On a pensé que la voix un peu rêveuse de Johnathan Donahue se prêterait bien à What are you waiting for. Quand on a reçu les tracks de chants on était ravis.
On a beaucoup écouté The black heart procession et on est fan de la voix très typée et habitée de Pall Jenkins . On l’imaginait bien en démon intérieur. On a rajouté des reverbs à l’effet un peu fantomatiques pour renforcer ce coté là.
Pour Ralph Mulder de Alamo Race track, on l’avait croisé à plusieurs reprises lors de concerts et on a enregistré l’album avec leur producteur dans le même studio qu’eux. On l’a invité à chanter sur des morceaux ou sa voix fragile et mélancolique incarne l’esprit parfois plus fragile du personnage.
8.Vous sentez-vous, à l’image du personnage mis en scène dans votre opéra pop moderne, « perdus entre rêve et réalité »?
Absolument! (réponse de Redboy, chant)
9.Me contredirez-vous si je vous dis qu’il y a, dans ce disque, un dimension émotionnelle très forte?
C’est un peu le dénominateur commun de tous nos disques, les émotions.
Sur cet album, c’est en effet une des tendances dominantes.
C’est peut -être encore plus fort en Live. Le but est d’incarner le personnage le plus fidèlement possible par rapport à l’histoire.
Il passe par tellement d’étapes marquantes que forcément ca se ressent sur scène.
10.Comment vous sentez-vous chez A(t) home, connu pour sa pluralité stylistique?
On a directement senti un esprit d’ouverture chez At(h)ome.
Il était important pour nous que les partenaires qui se lancent dans l’aventure comprennent qu’il ne s’agit pas que d’un simple disque mais de tout un concept et que le projet soit défendu dans son intégralité et avec passion. On a ressenti un très grand soutien de toute l’équipe derrière le projet dès le départ, et on sait qu’il défendent très bien le concept.
11.Avez-vous déjà des idées en tête pour la suite de vos travaux? L’album et le spectacle proposé étant de taille, j’imagine que l’attente autour de vos productions va s’accroitre…
On va commencer à s’atteler à la création de nouveaux morceaux. Il est encore un peu tôt pour dégager un fil conducteur, mais on est très excité à l’idée de rentrer dans un nouveau processus créatif.
On ne ressent pas encore trop de pressions à l’heure actuelle, on en est toujours à la phase de concerts et on va encore continuer à défendre le projet en live durant encore un an.

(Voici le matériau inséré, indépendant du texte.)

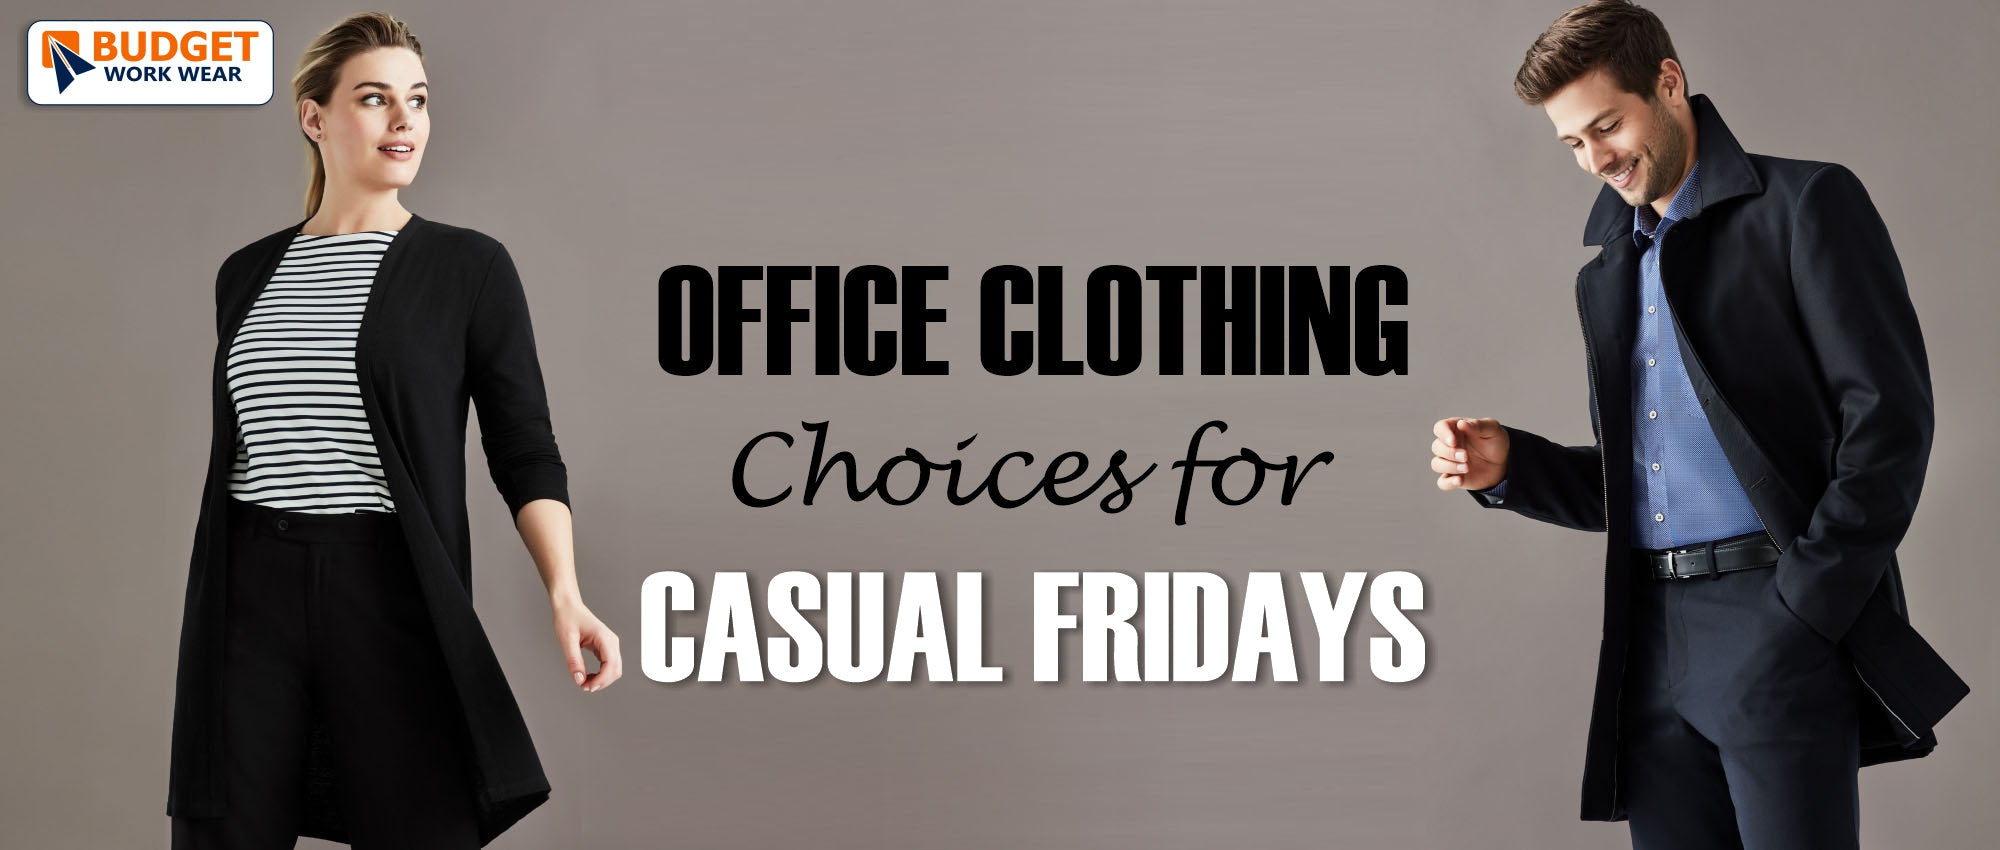 OFFICE CLOTHING CHOICES FOR CASUAL FRIDAYS – Budget Workwear

12.Si on se penche sur vos premiers albums, quel regard portez-vous sur leur contenu à l’heure actuelle?
On est content des albums précédents. On a toujours fait le meilleur album possible au moment ou on le réalisait.
C’est sur qu’avec le temps on aurait tendance à vouloir changer et/ou améliorer certaines choses. Mais tout cela fait partie d’un processus de maturation musicale. Sans ces albums on n’en serait pas là aujourd’hui.
On a récemment fait des concerts où on rejoue des morceaux des anciens albums. Ca devait faire 4 ans que nous n’avions plus joué ces morceaux et c’était un vrai plaisir de les « redécouvrir » avec nos oreilles d’aujourd’hui.